## DATA
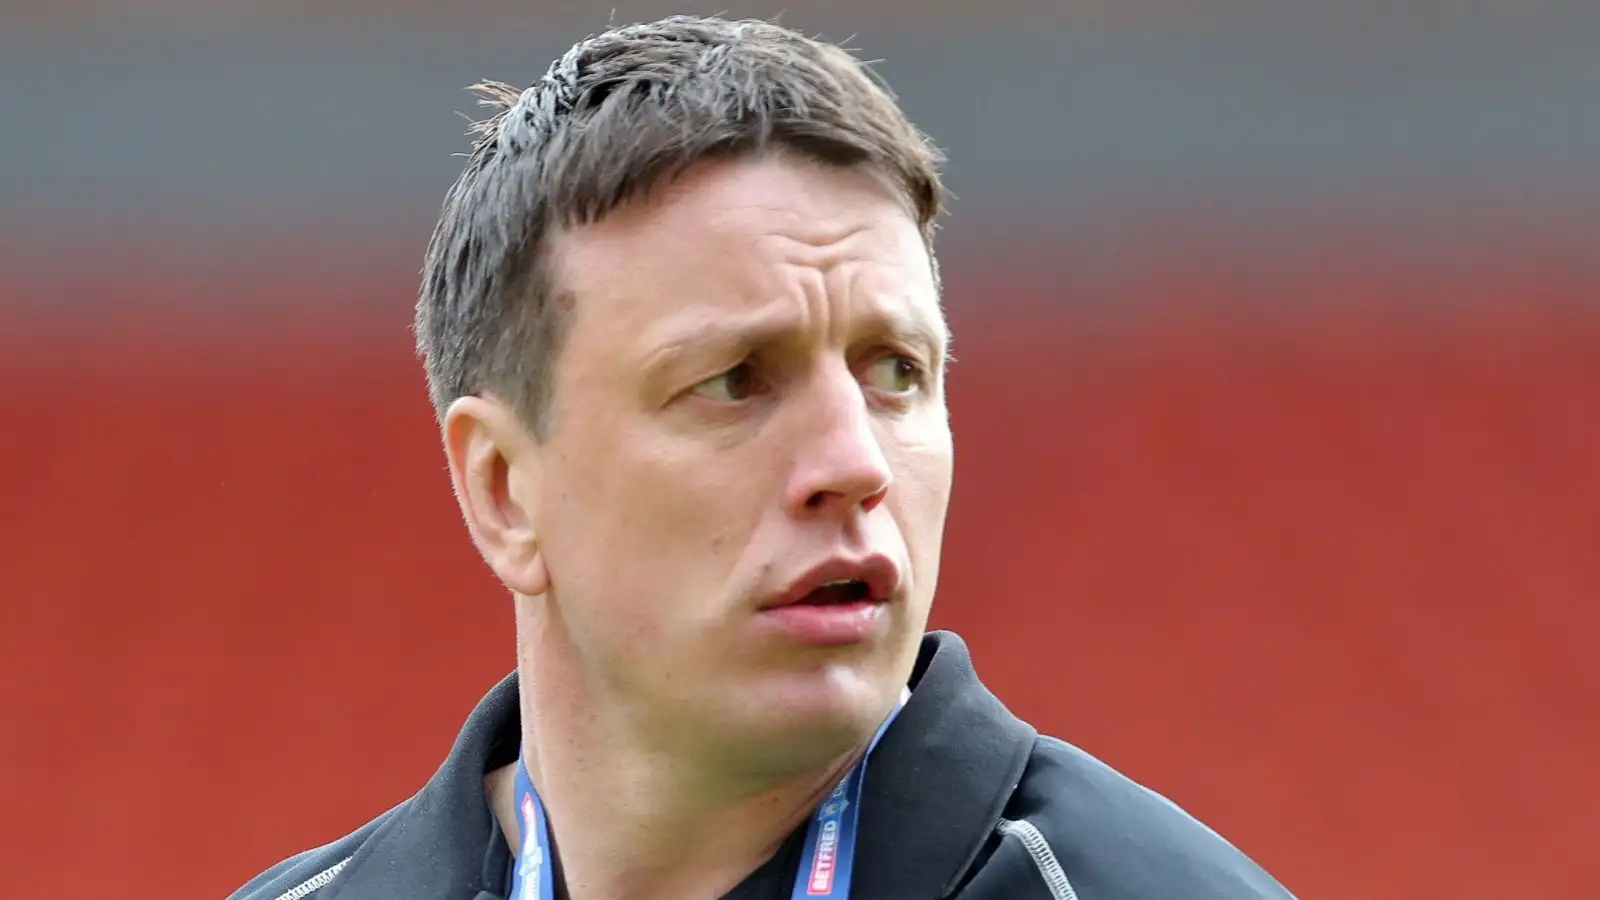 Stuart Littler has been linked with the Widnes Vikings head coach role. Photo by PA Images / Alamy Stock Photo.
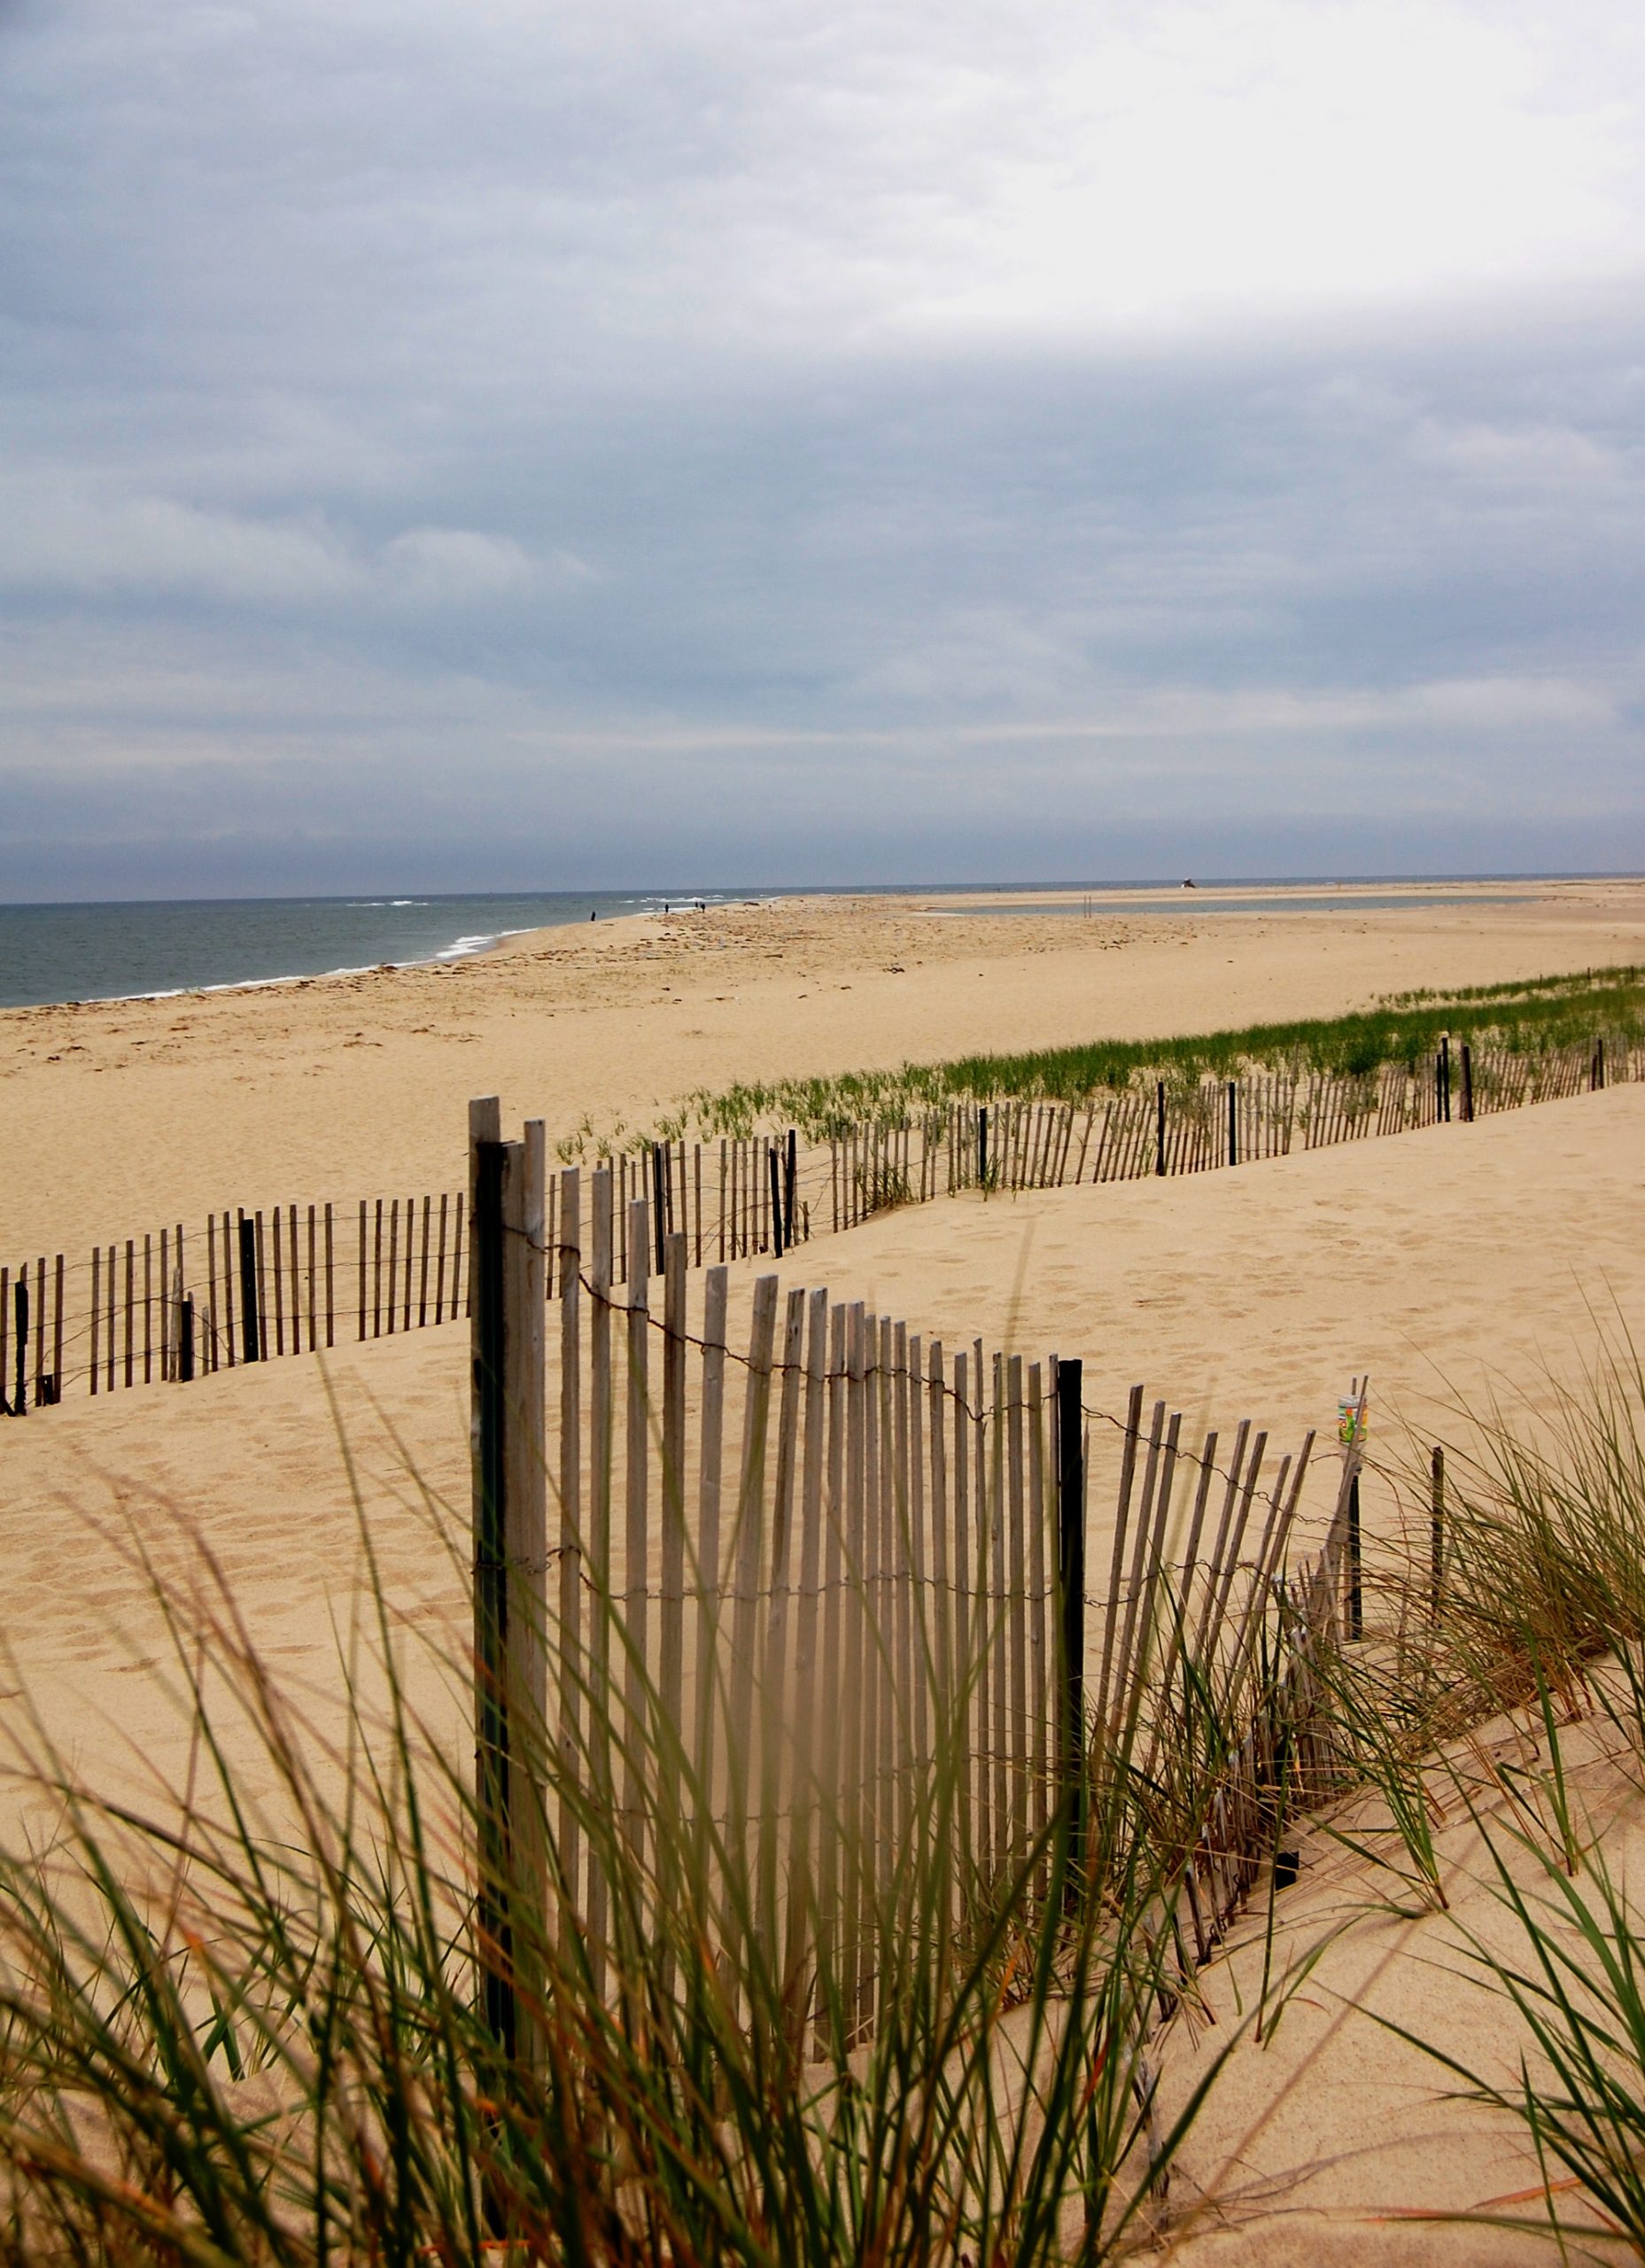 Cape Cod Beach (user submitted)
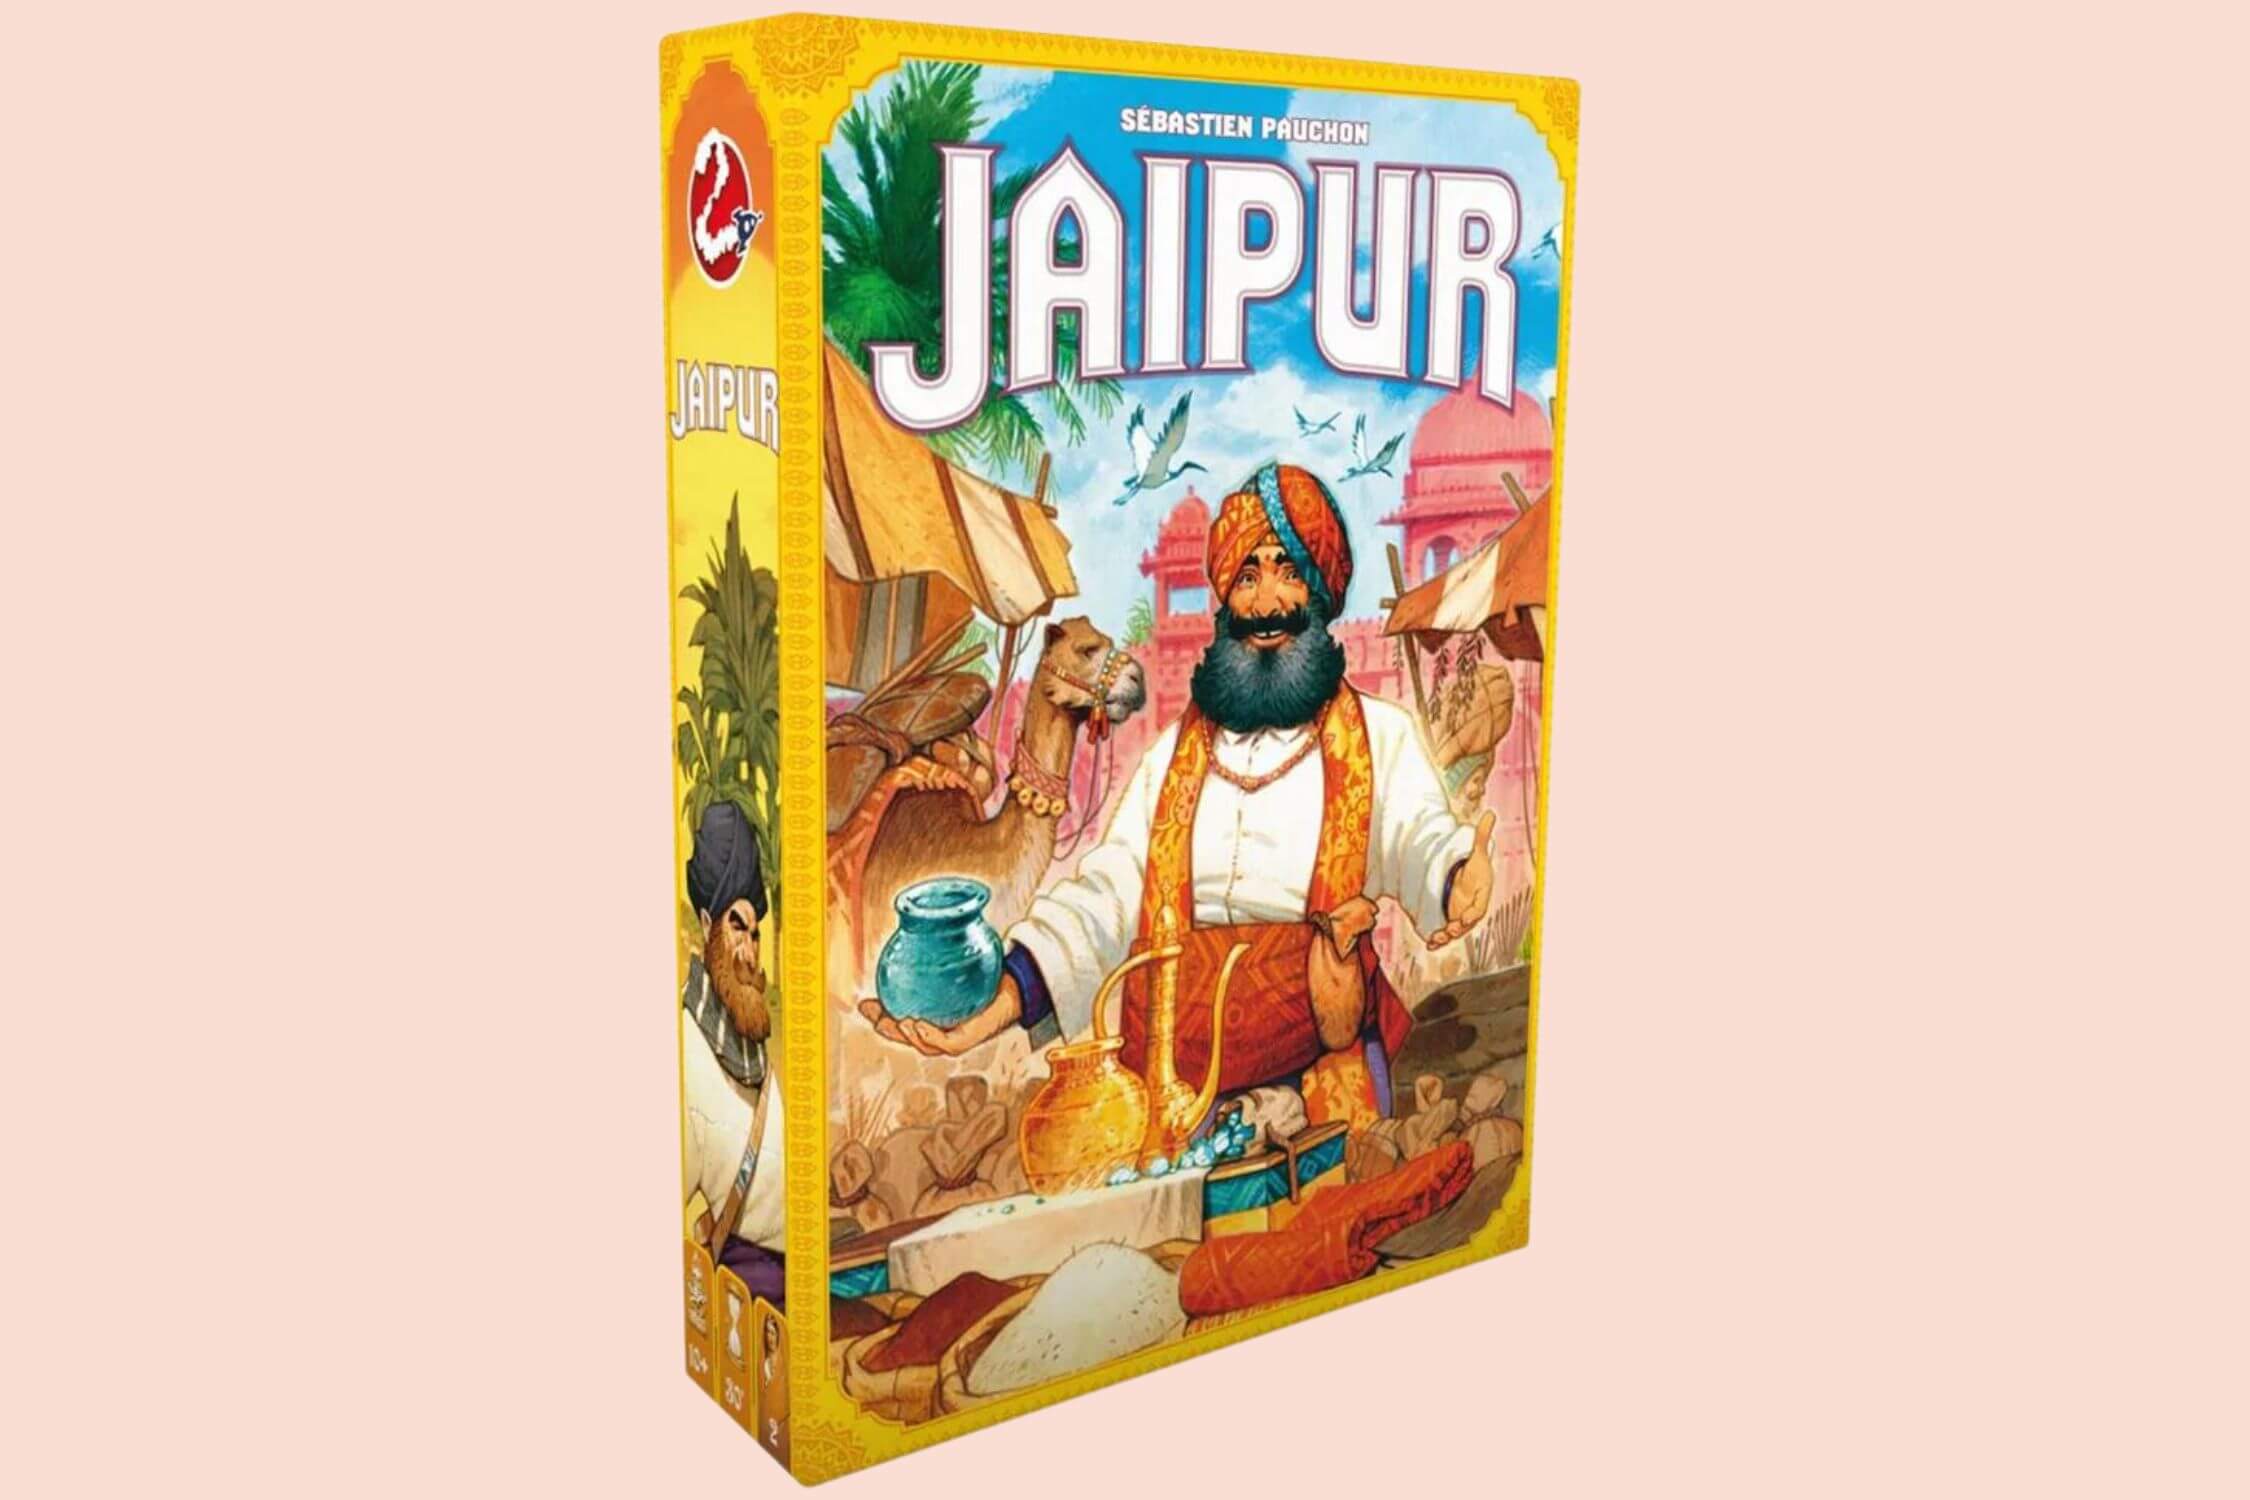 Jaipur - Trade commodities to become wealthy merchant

## PROBLEM DESCRIPTION
Leaving out the pictures, output each line above exactly as it is.

## RESPONSE TO THIS EXERCISE
 Stuart Littler has been linked with the Widnes Vikings head coach role. Photo by PA Images / Alamy Stock Photo.
 Cape Cod Beach (user submitted)
 Jaipur - Trade commodities to become wealthy merchant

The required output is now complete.